Suboptimal LAMMPS performance on Threadripper CPU, why?

Hi,
I have recently updated the computing hardware of LAMMPS from Intel to AMD. Then, taking graphene stretching as an example, I tested the efficiency of two platforms. The main parameters are as follows:
Number of atoms: 10000~320000
Potential function: AIREBO
Parallel mode: MPI, with cores ranging from 8 to 32
LAMMPS version: LAMMPS-64bit-latest-MSMPI 2025-2-04

Moreover, when testing Intel, the LAMMPS code and result files are stored on the mechanical hard drive. While when testing AMD, they are stored on the solid-state drive and the hyperthread is closed. Nonetheless, I found that AMD’s computing efficiency did not significantly improve (<10%). What could be the possible reason? How to optimize?

Intel platform
CPU: Two Xeon E5 2699 v4 chips (each with 22 cores, 2.2-3.6GHz, maximum 4 memory channels)
Memory: DDR4 2400MHz 32G*5=160G
Hard drive: ATA SSD 120G

AMD platform
CPU: Threadripper 5975wx (32 cores, 3.6~4.5GHz, maximum number of memory channels 8)
Memory: DDR4 3200MHz 32G*8=256G
Hard drive: WD Blue SN5000 NVMe SSD 2T

What is the LAMMPS performance in atom-steps/second for each of the two machines? That is the metric that really matters.

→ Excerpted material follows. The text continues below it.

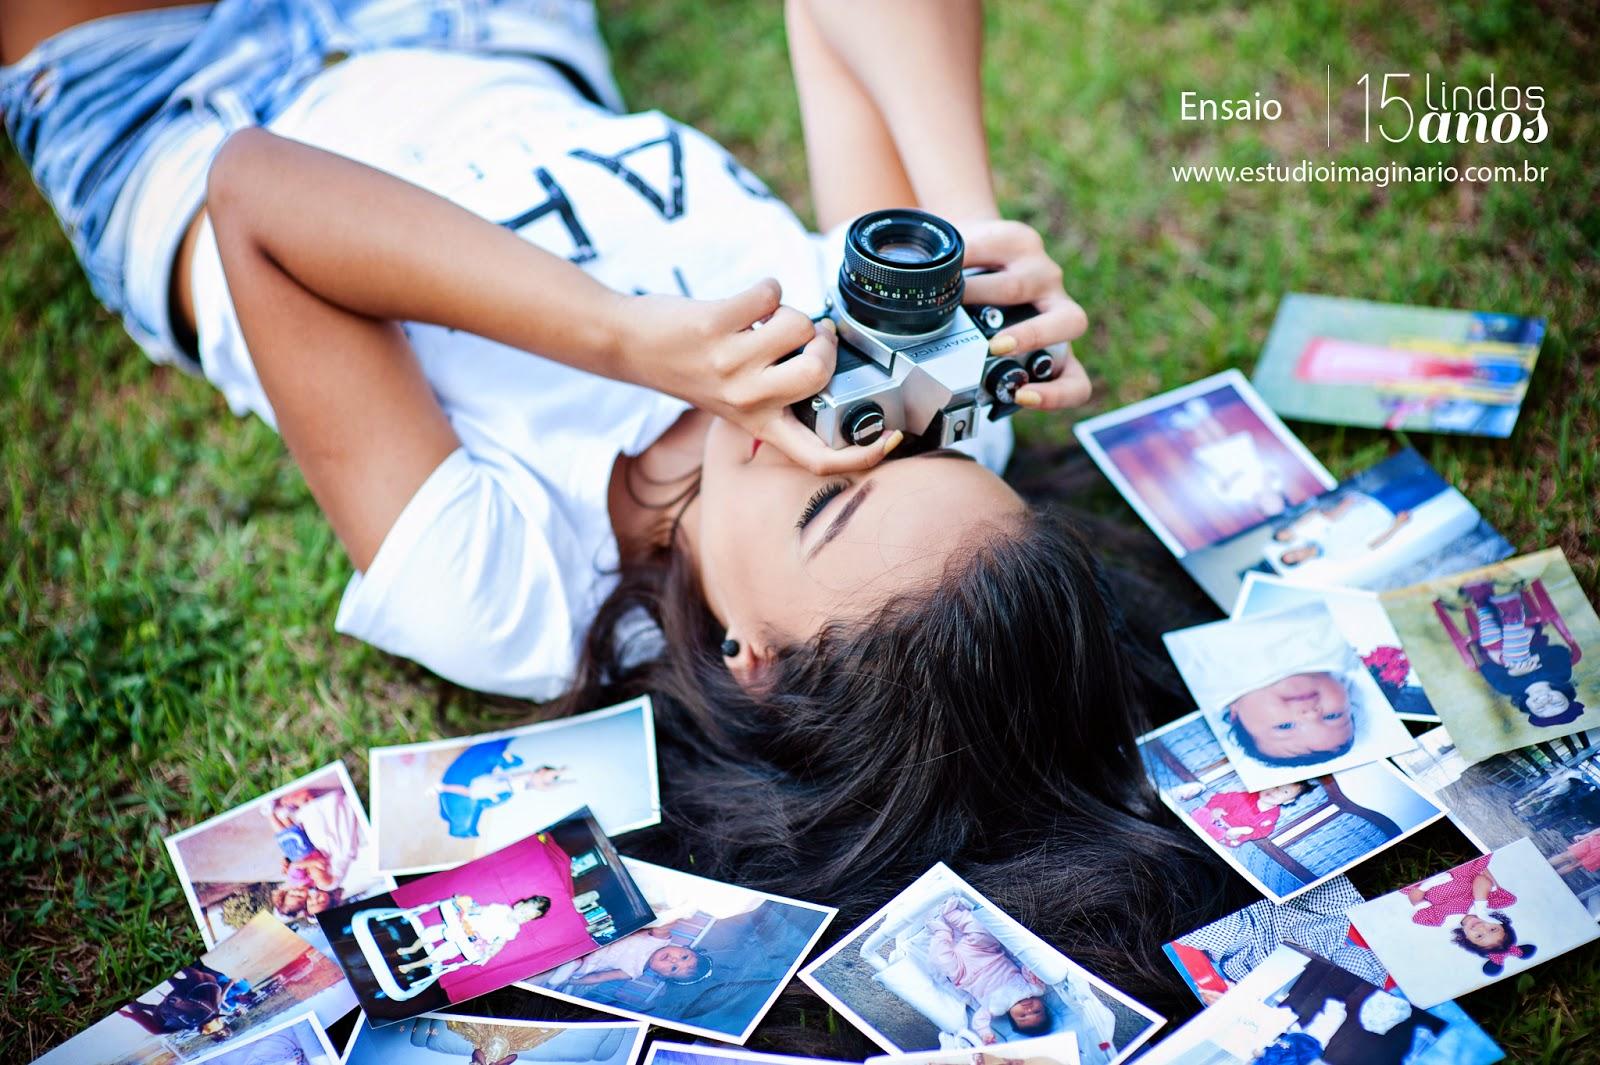 15 anos bh, 15 lindos anos, bicicleta, book 15 anos bh, book de fotos 15 anos, diferentes, estúdio fotografico bh, fazer book 15 anos, festa 15 anos bh, fotos 15 anos bh contagem betim, melhores fotos 15 anos,

i dont see why hard drive speed would have any effect with only 320000 atoms running on 160-256gb ram, unless youre doing a dump writing to disk every timestep.

both intel and amd cpus are avx2 not avx512 so no difference there in simd vectorization

port pair_arebo.cpp to KOKKOS by replacing for loops with parallel_for and KOKKOS_LAMBDA. look at src/KOKKOS for lots of examples. mpi domain decomposition is outer loop scaling with much higher overhead than inner loop scaling extremely efficient in KOKKOS within L1/L2 cache.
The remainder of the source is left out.